In the case of the Forest Service, the supervisors of the individual forests and grasslands will shape forest management plans, and the effects of those will be subject to independent audits.
The auditors the Forest Service chooses could range from other Forest Service employees to outsiders, said Sally Collins, an associate chief at the Forest Service. She said the auditors could come from an environmental group or an industry group like timber "or a ski area, local citizens or a private contractor."
Forest supervisors are appointed by the Forest Service to manage national forests and report to regional managers. Some are more supportive of pro-timber policies, while others are more steeped in the environmental ethos.
One of the ways the new rules give forest supervisors more power is that they are allowed to approve plans more quickly for any particular forest use - ranging from recreation to logging to grazing - and to adjust plans with less oversight.
For instance, an existing requirement to keep all fish and wildlife species from becoming threatened or endangered is jettisoned. In its place is a requirement that managers consider the best available science to protect all natural resources when they are making decisions.
Michael D. Ferrucci, a partner in the Connecticut consulting firm Interforest and a former forest manager who now performs audits for private industry and state governments, said Wednesday: "I personally think the flexibility implied in this approach is terrific. It will help to unlock the power and creativity of a lot of good people."
He added: "Most environmentalists and most scientists who follow forestry understand that more flexibility is needed.
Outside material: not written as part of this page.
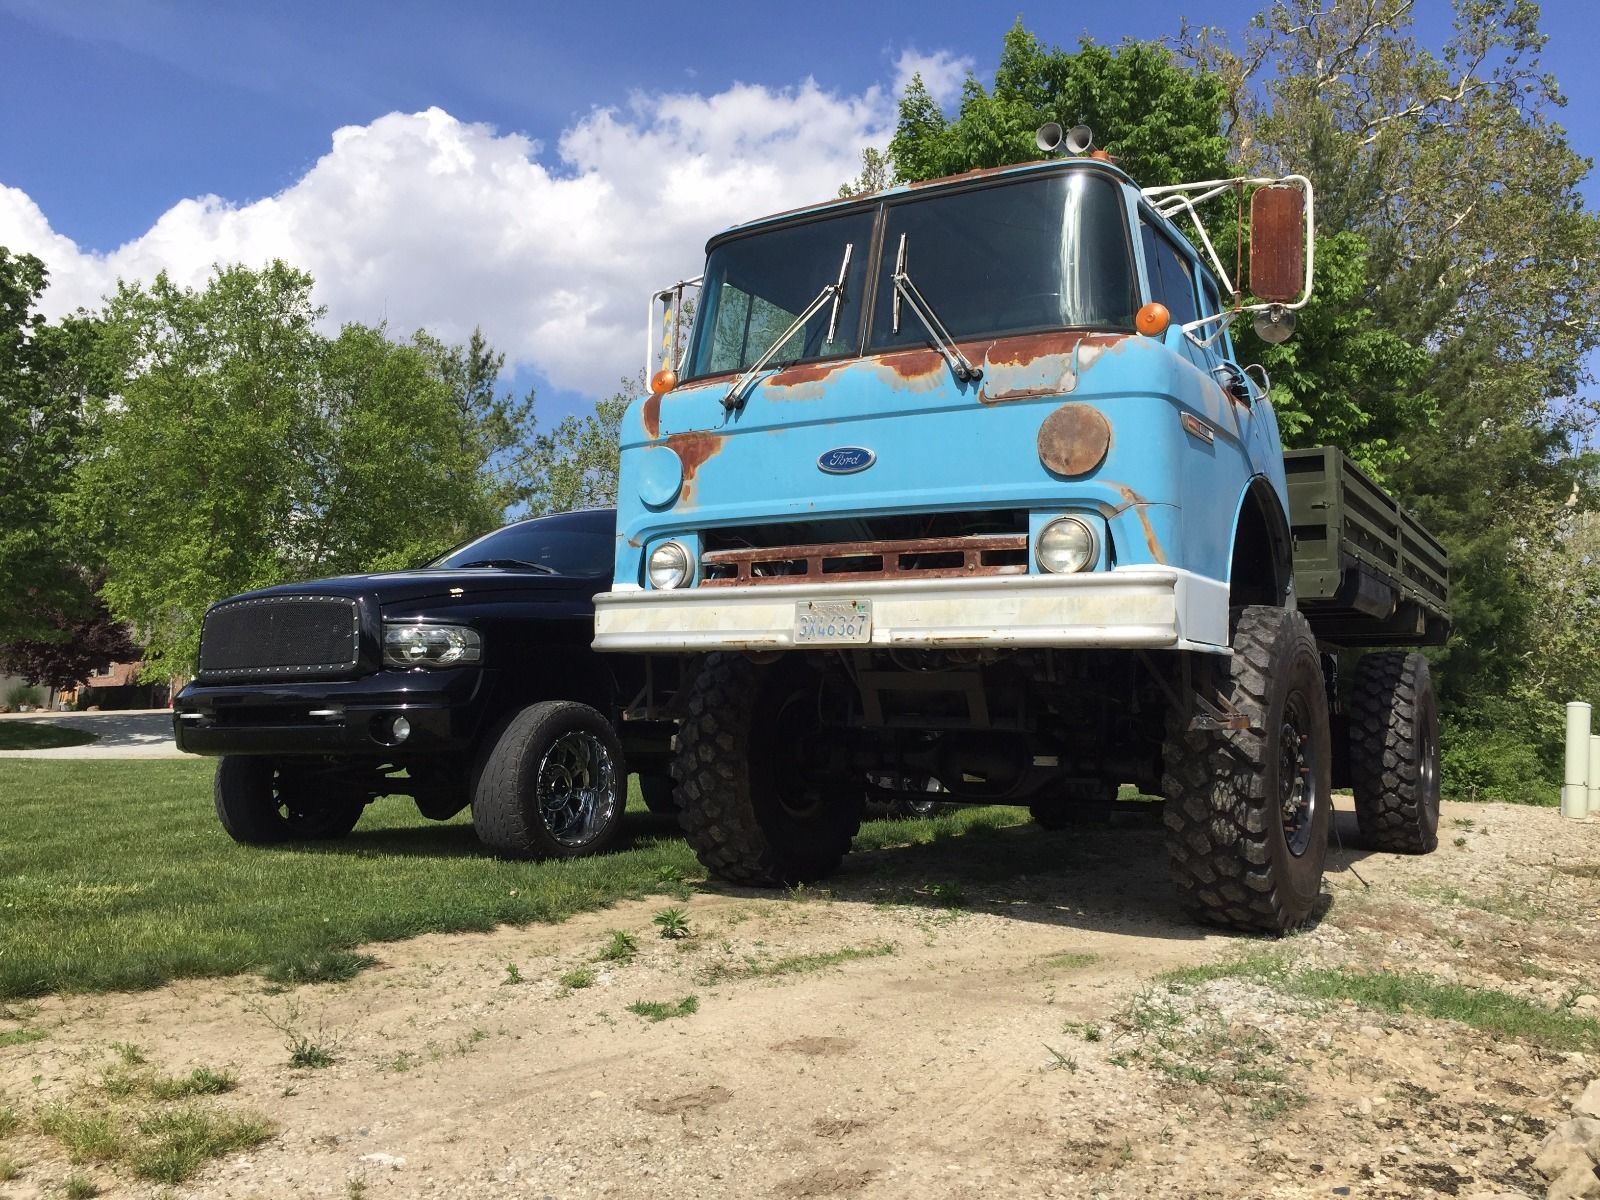 What Would You Use This 1989 Ford C8000 To Run Over? This Thing’s Unreal!

But there is a risk of making some of the mistakes we made 20 and 25 years ago. The mistake we made was to be a little too narrowly focused on the timber side." In the 1980's, extensive logging took place in places like the Tongass National Forest in Alaska and Oregon's old growth forests.
But Chris Wood, the vice president for conservation at Trout Unlimited, warned that the new approach would require a heavy financial commitment to ensure enough people could monitor the impact of regulations and alert managers to problems.
Amy Mall, a forestry specialist at the Natural Resources Defense Council, an environmental group, said in a statement: "The rule is illegal. It rips the guts out of National Forest management plans. It doesn't ensure that the Forest Service provides the necessary resources to implement plans."
The final rule requires forest managers to comply with the requirements of the National Environmental Policy Act, the cornerstone of the current environmental regulations on government and industry.
But an accompanying proposal - which is open to public comment for 60 days - gives managers new discretion on what kind of environmental review constitutes compliance.
Mr. Norbury of the Forest Service said that under this proposal, the forest supervisor would be making the call as to whether a particular plan must undergo a full environmental impact statement, a more modest review or no formal review.
In Congress, where partisan divisions over environmental protections have grown more acute in recent years, the new rules were greeted with enthusiasm by Republican leaders and anger by Democrats.
Representative Richard W. Pombo, the chairman of the Republican-controlled House Resources Committee, hailed the change, saying that currently "the process is so burdensome and time consuming that the plans are obsolete before they are finished."
But Senator Tom Harkin of Iowa, the ranking Democrat on the Senate Agriculture Committee, said, "The Bush administration's new plan threatens to derail decades of progress in that direction by backing away from longstanding, bipartisan commitments to nontimber resources like wildlife, public involvement and scientific review."